Brazil’s manufacturing activity ended a three-month contraction in December as new orders picked up, though overall growth remained very slight, as President Dilma Rousseff kicked off a second term Thursday, vowing to tackle corruption and revamp the economy as her government reels from a series of setbacks.
The HSBC Purchasing Managers’ Index for the Brazilian manufacturing sector rose to a seasonally adjusted 50.2 in December from 48.7 in November. The 50 mark separates contraction from expansion, Reuters said.
The new orders index rose for the first time in nine months. Some businesses cited an increase in demand following Brazil’s October presidential election, with customers anticipating future price hikes, the survey showed.
Output shrank for the fourth straight month, but at the slowest pace over that time period. Still, a weak economy continued to sap demand for consumer and intermediate goods, according to the survey.
Production Rise
Input and output prices rose, impacted by weakness in Brazil’s currency, which has lost nearly 13 percent against the dollar this year. High labor costs, poor infrastructure and a hefty tax burden still weigh heavily on Brazil’s manufacturers, whose lackluster performance has weighed on economic growth.
Brazilian industrial production is expected to post a 2.5 percent contraction in 2014, according to a central bank poll released last week. Economists in the poll predict economic growth of just 0.13 percent in 2014 and 0.55 percent next year.
Despite the slightly better industrial PMI data in December, “The outlook for the economy in 2015 remains weak,” said Andre Loes, chief Brazil economist at HSBC.
President Vows
Brazil’s economy, once booming, has barely grown during Rousseff’s time in office, and her administration is embroiled in a multimillion-dollar graft scandal at state-owned oil giant Petrobras, AFP reported.
But the former guerrilla promised to face the scandal head on, vowing to punish anyone found guilty of illicit dealings.

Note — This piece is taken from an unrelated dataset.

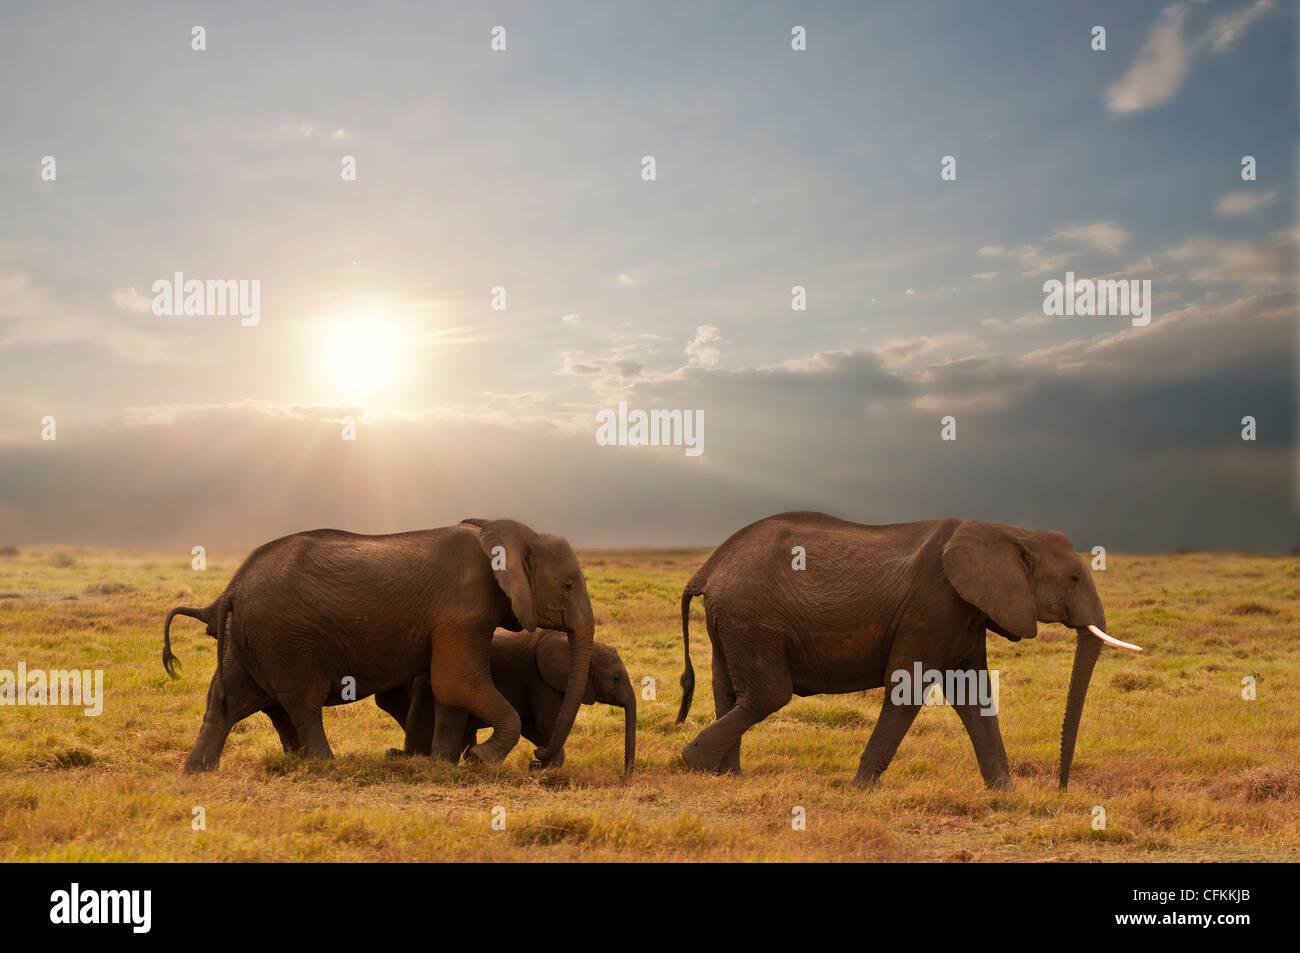 Elefantenfamilie im Amboseli Nationalpark, Kenia Stockfoto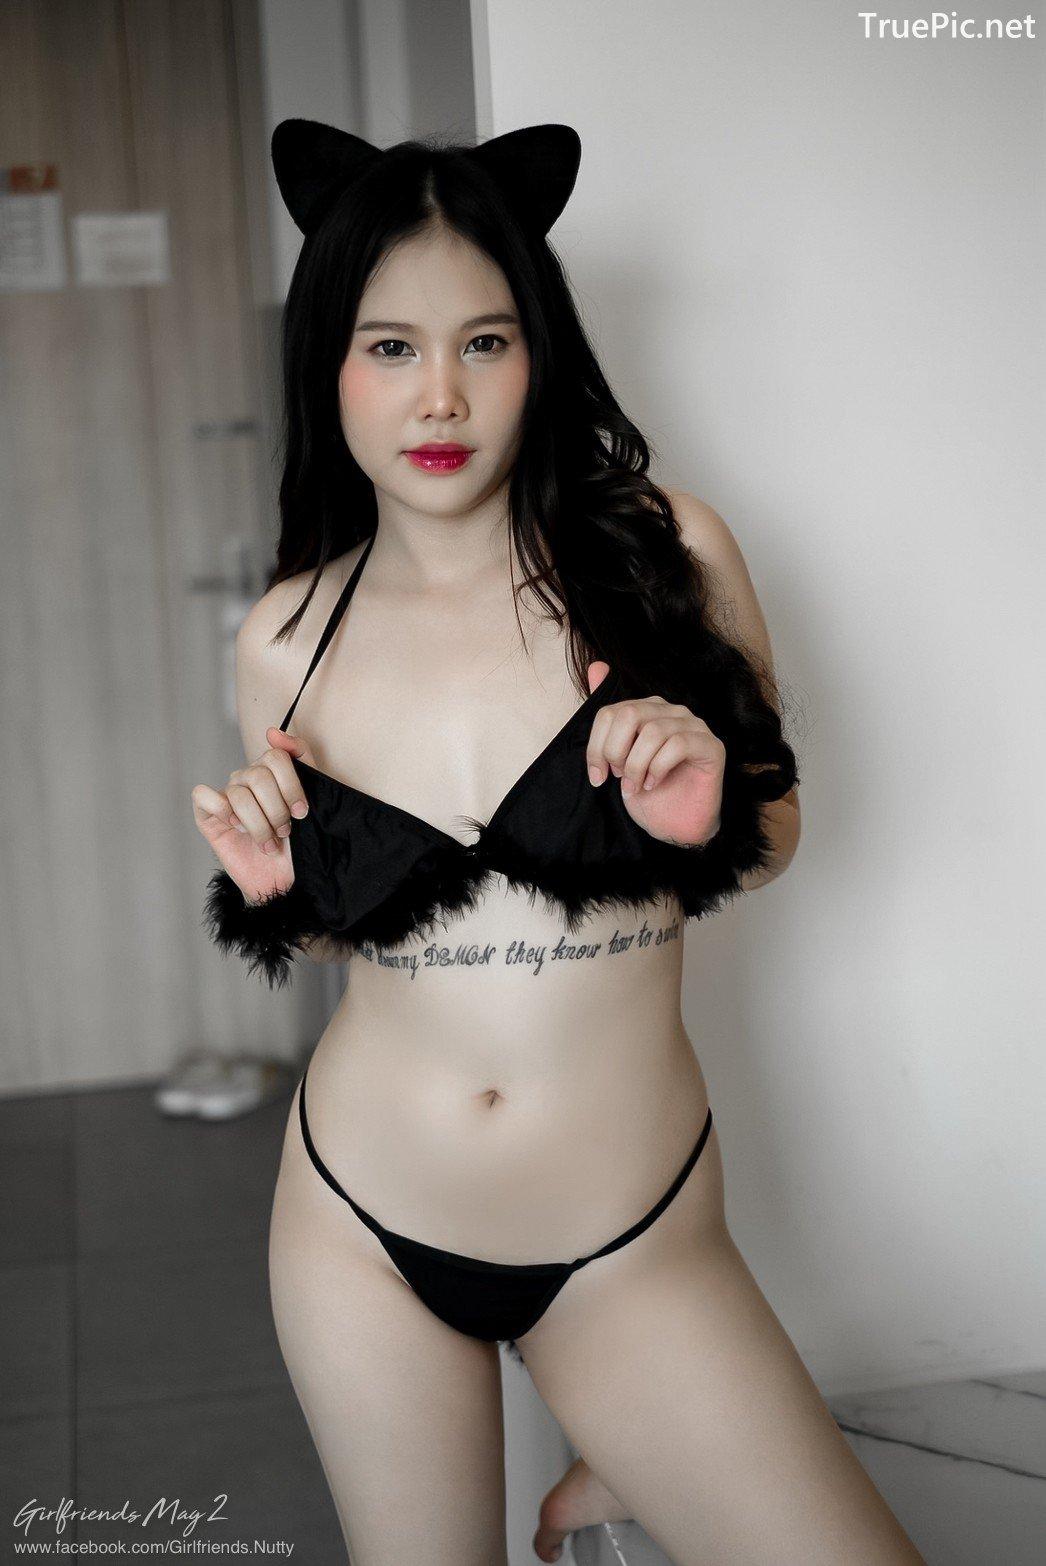 Image Thailand Model - Chanunshida Phuangsombut - Sexy Black Cat - TruePic.net - Picture-3

“We are going to rigorously investigate everything that has happened,” the leftist Rousseff said, speaking at the ceremony attended by the US and Chinese vice presidents as well as 13 heads of state, most from Latin America.
“We must investigate and punish, but without weakening Petrobras or diminishing its importance,” she added, drawing warm applause at the ceremony at Brazil’s Congress.
The Petrobras scandal and the ongoing police investigation -- dubbed “Operation Car Wash” -- erupted just a few months before the election.
So far suspicion has fallen on 39 people, including former Petrobras directors and executives from construction firms, a network that allegedly laundered around 3.8 billion creamed off from inflated contracts to give kickbacks to mainly pro-government politicians.
Petrobras stocks plunge
Petrobras is also facing legal action in the United States over investor losses emanating from the scandal that has seen the firm’s stock plunge, and hit its creditworthiness and ambitious investment plans.
The scandal – and poor economic performance – sparked mass street demonstrations during Rousseff’s first term.
Rousseff has also come under fire for Brazil’s sluggish economic growth, and though economists do not expect a major boost in 2015, she said reviving the economy was a top priority. “Brazil must return to the path of growth,” she stressed, after arriving at the ceremony in an open-top Rolls Royce.
“We’ll do this with the least sacrifice possible for the population, especially the most needy,” she said.
Growth, forecast to come in barely above zero in 2014, has slumped badly compared with 2010’s heady heights of 7.5 percent under Lula.
The world’s seventh-biggest economy boomed for a time under Silva, before suffering from a decline in Chinese-led demand for commodities just as Rousseff took over.
For her second term, Rousseff has appointed a new minister tasked with breathing new life into the economy: pro-market economist Joaquim Levy, who has already drawn up plans to make public purse savings.